Paternoster, South Africa
The maritime way of life is firmly rooted in the DNA of Paternoster, about 90 miles north of Cape Town. Most buildings are classic fishermen’s cottages, white with dark roofs. The town enforces a strict architectural code to preserve its character. Fittingly, you can get great seafood here. Paternoster hosts a Crayfish and Seafood Festival each November, featuring South African favorites like snoek braai (a regional fish, dried and cooked over coals), potjiekos (seafood stew), and fresh crayfish, cooked to order.
Croatia has other idyllic coastal spots—Trogir, Split, Dubrovnik—but this Istrian town's distinct layout earned it a place on our list. Rovinj's historic center is completely contained within a small peninsula. (It was once the island of Mons Albanus, but the channel between the island and mainland was filled in 1763.) As a result of the tight quarters, buildings are tall, narrow, and close set, with red tiled roofs. Towering above it all is St. Euphemia, a stately Baroque church and Rovinj’s main landmark.
Reine is one of Europe’s most beautiful villages and among Norway’s most photographed places. Jaunty red wooden cabins (called rorbuer) make up the town, set against the rugged Lofoten Mountains. Reine is also the jumping-off point for exploring Reinefjord, one of northern Norway’s pristine fjords.
Port Fairy, Australia
Don’t drive Australia’s Great Ocean Road without pulling over at the southern town of Port Fairy. The seaside village resembles a 19th-century shipping port, and the National Trust of Australia has designated more than 50 buildings as historic. A stroll will take you past whitewashed fishermen’s cottages and old stone churches. It’s an ideal setting for the Folk Festival, one of the country’s biggest music events, held every year in March.

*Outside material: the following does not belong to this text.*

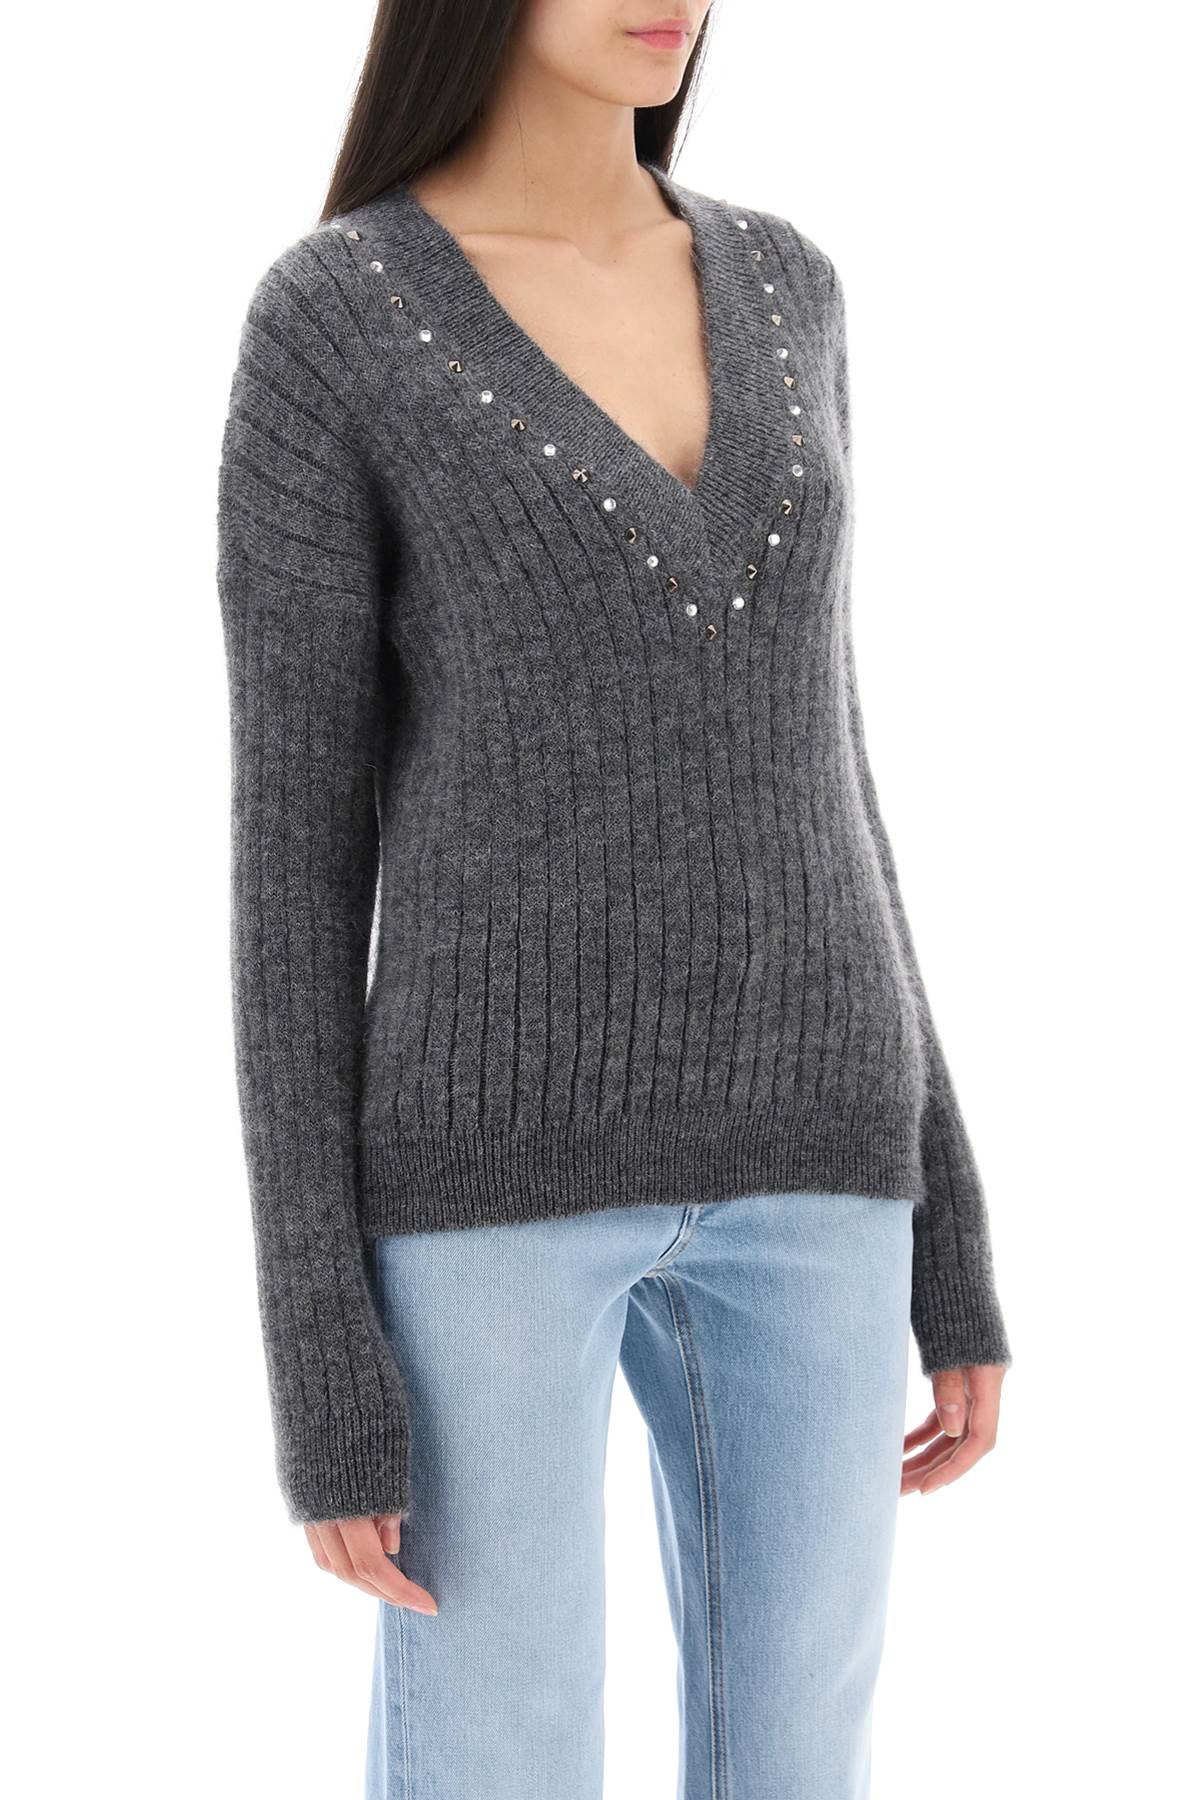 Alessandra rich wool knit sweater with studs and crystals-1

With its stately hillside homes overlooking the water, Sausalito could be mistaken for an Italian fishing village. But this Bay Area town is just a quick ferry ride from San Francisco, on the other side of the Golden Gate Bridge. Sausalito is known for its floating houseboats—more than 400 docked in five marinas—and an artsy vibe, with galleries, boutiques, and fine restaurants.